Assignment: Nothing but the lines from the one showing "Areobic Step Bench" through the final line of the data below belongs in the answer, duplicated exactly and without pictures.

(Dataset excerpt Opens)

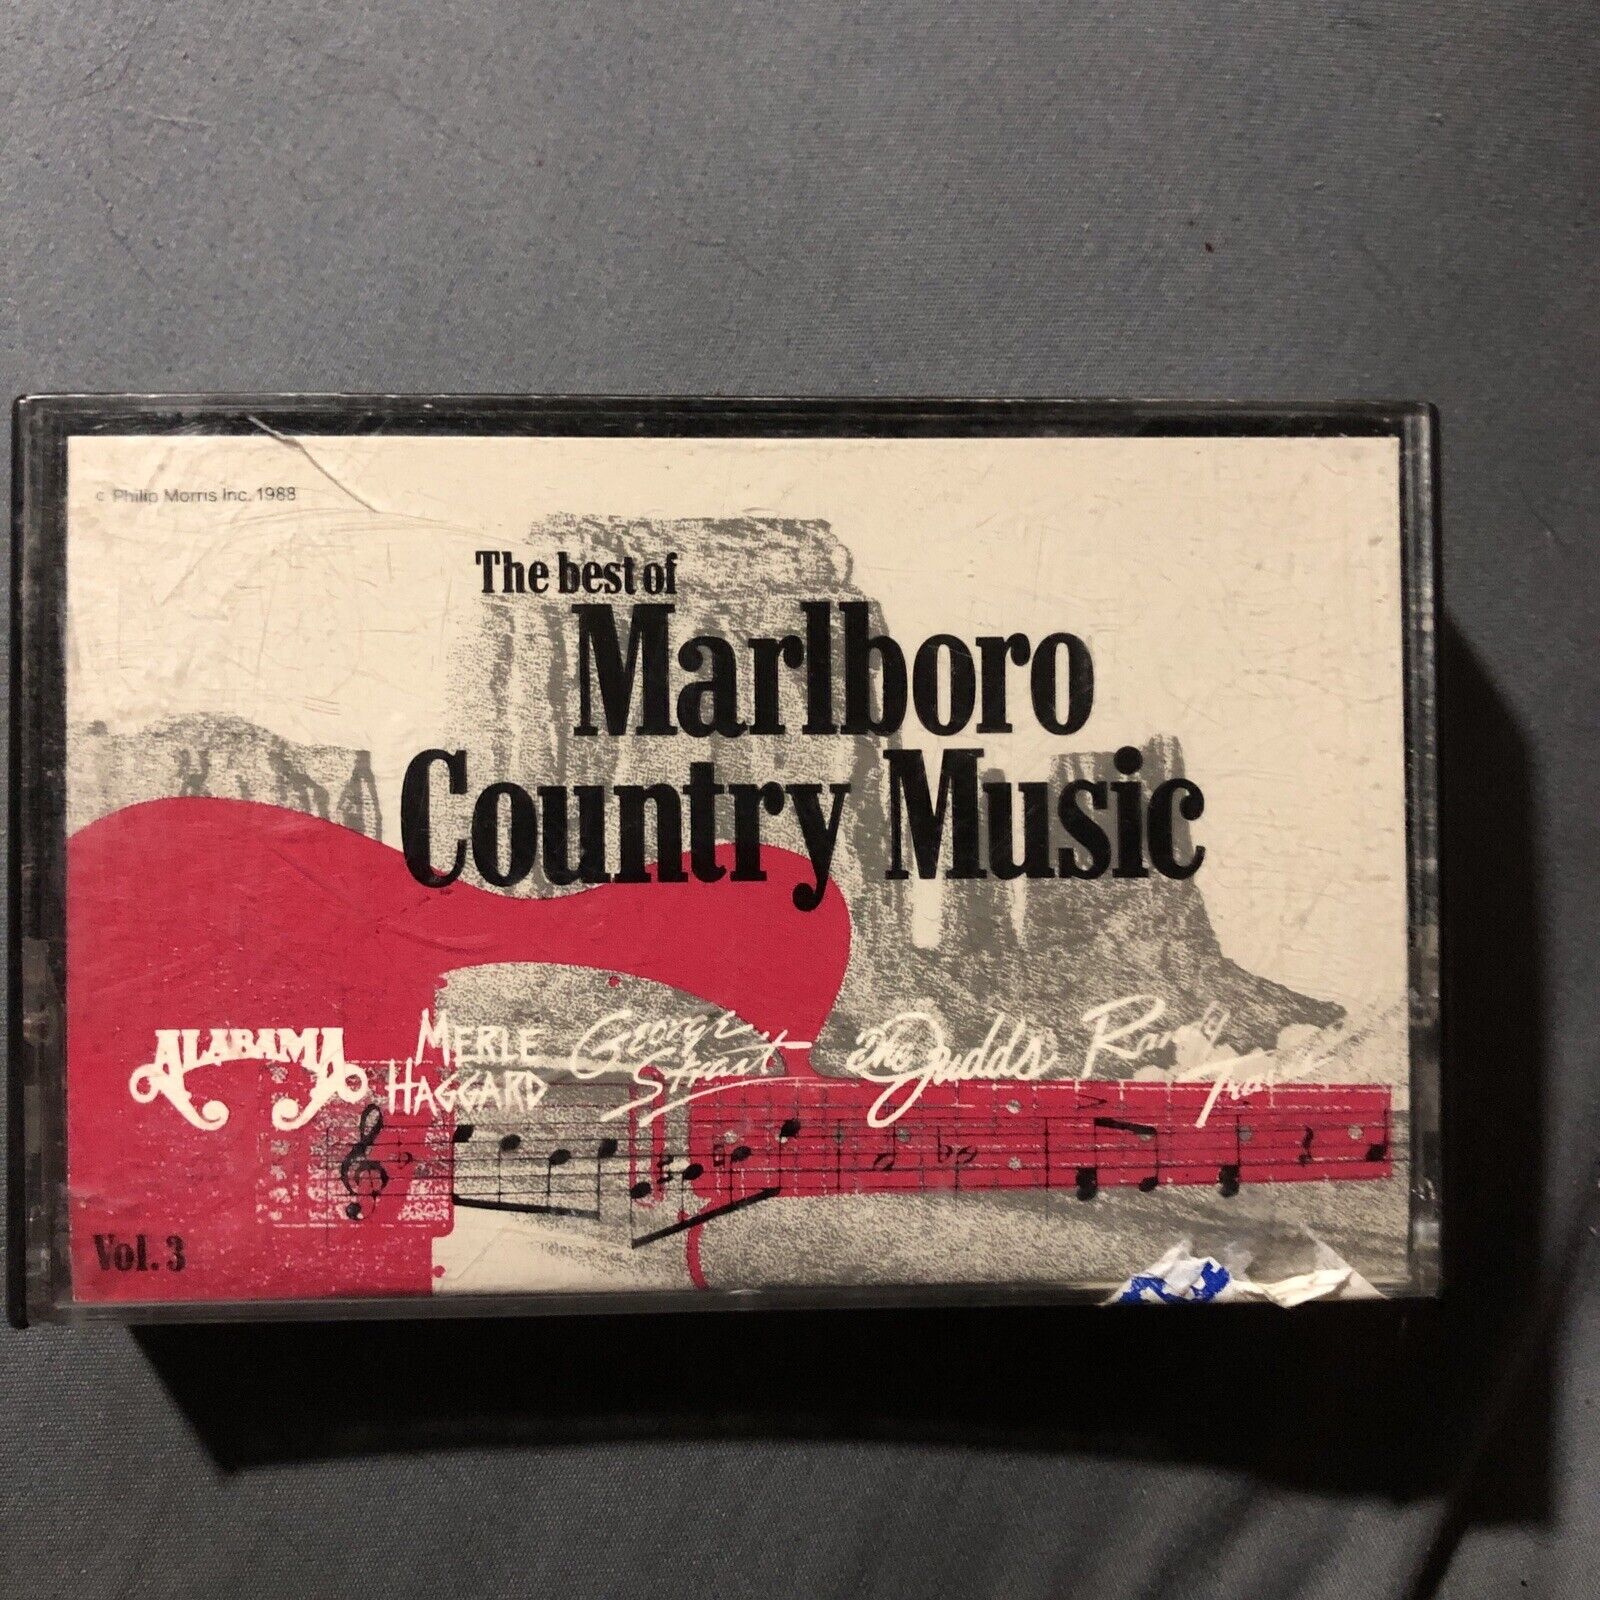 The Best of Marlboro Country Music Volume 3 Cassette Tape Various Artists 1987
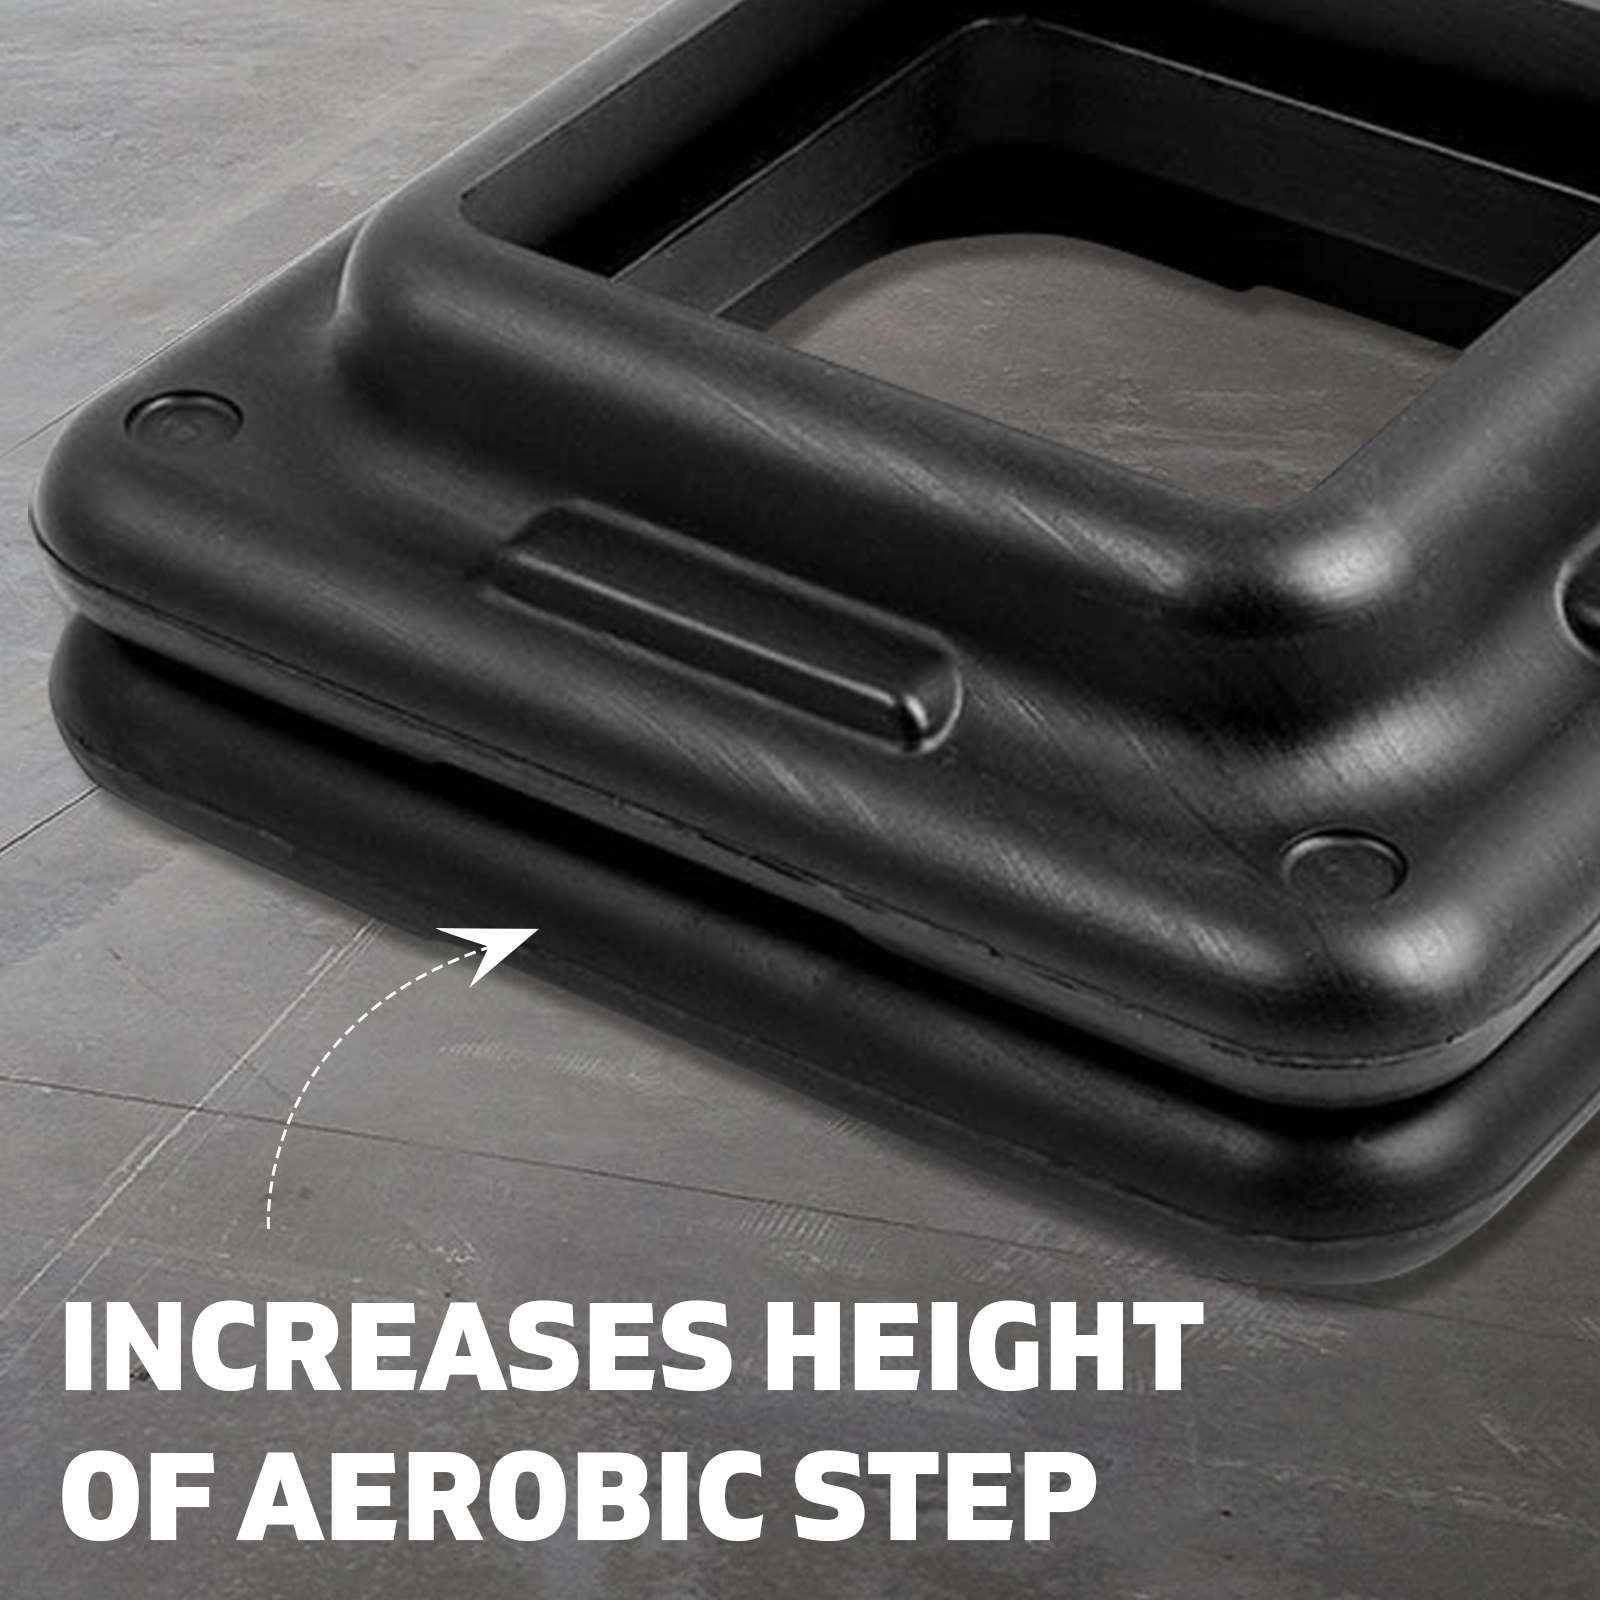 Areobic Step Bench Workout Exercise Step Risers 5cm Fitness Gym - Black
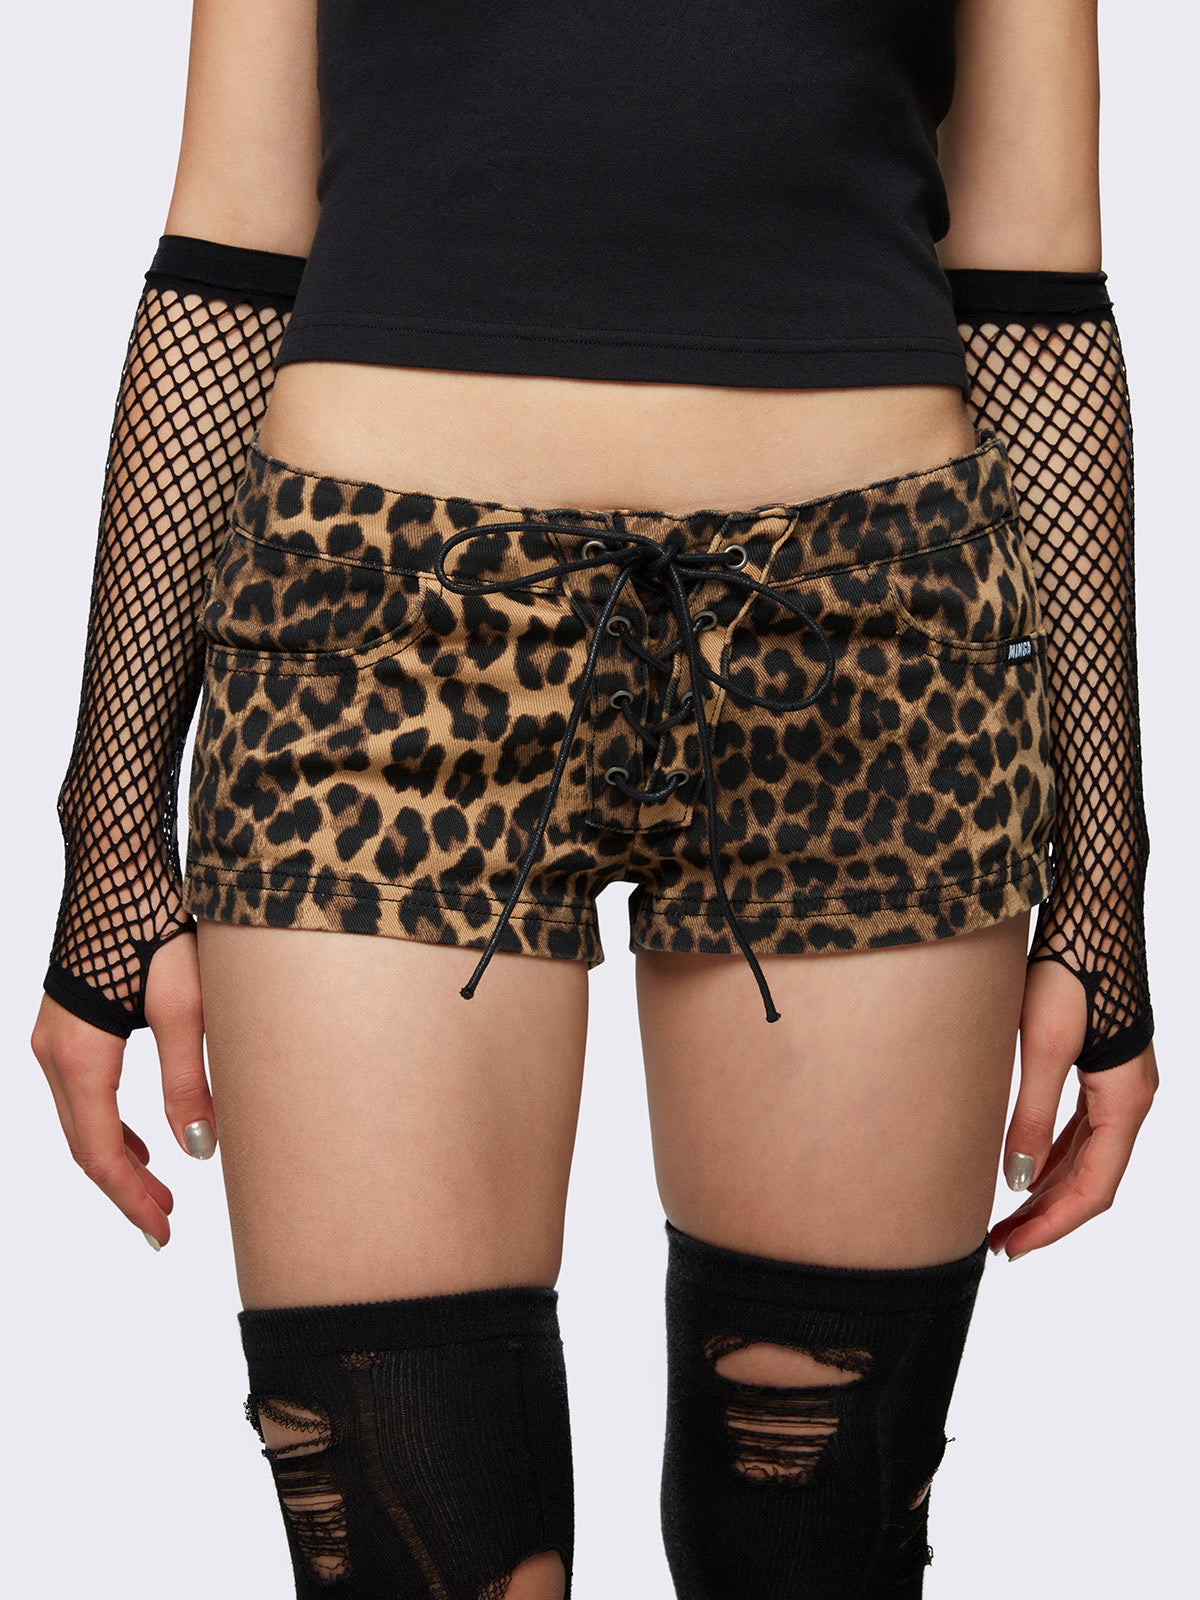 Mini shorts in leopard print with lace up

(Dataset excerpt Closes)

Problem solution:
 Areobic Step Bench Workout Exercise Step Risers 5cm Fitness Gym - Black
 Mini shorts in leopard print with lace up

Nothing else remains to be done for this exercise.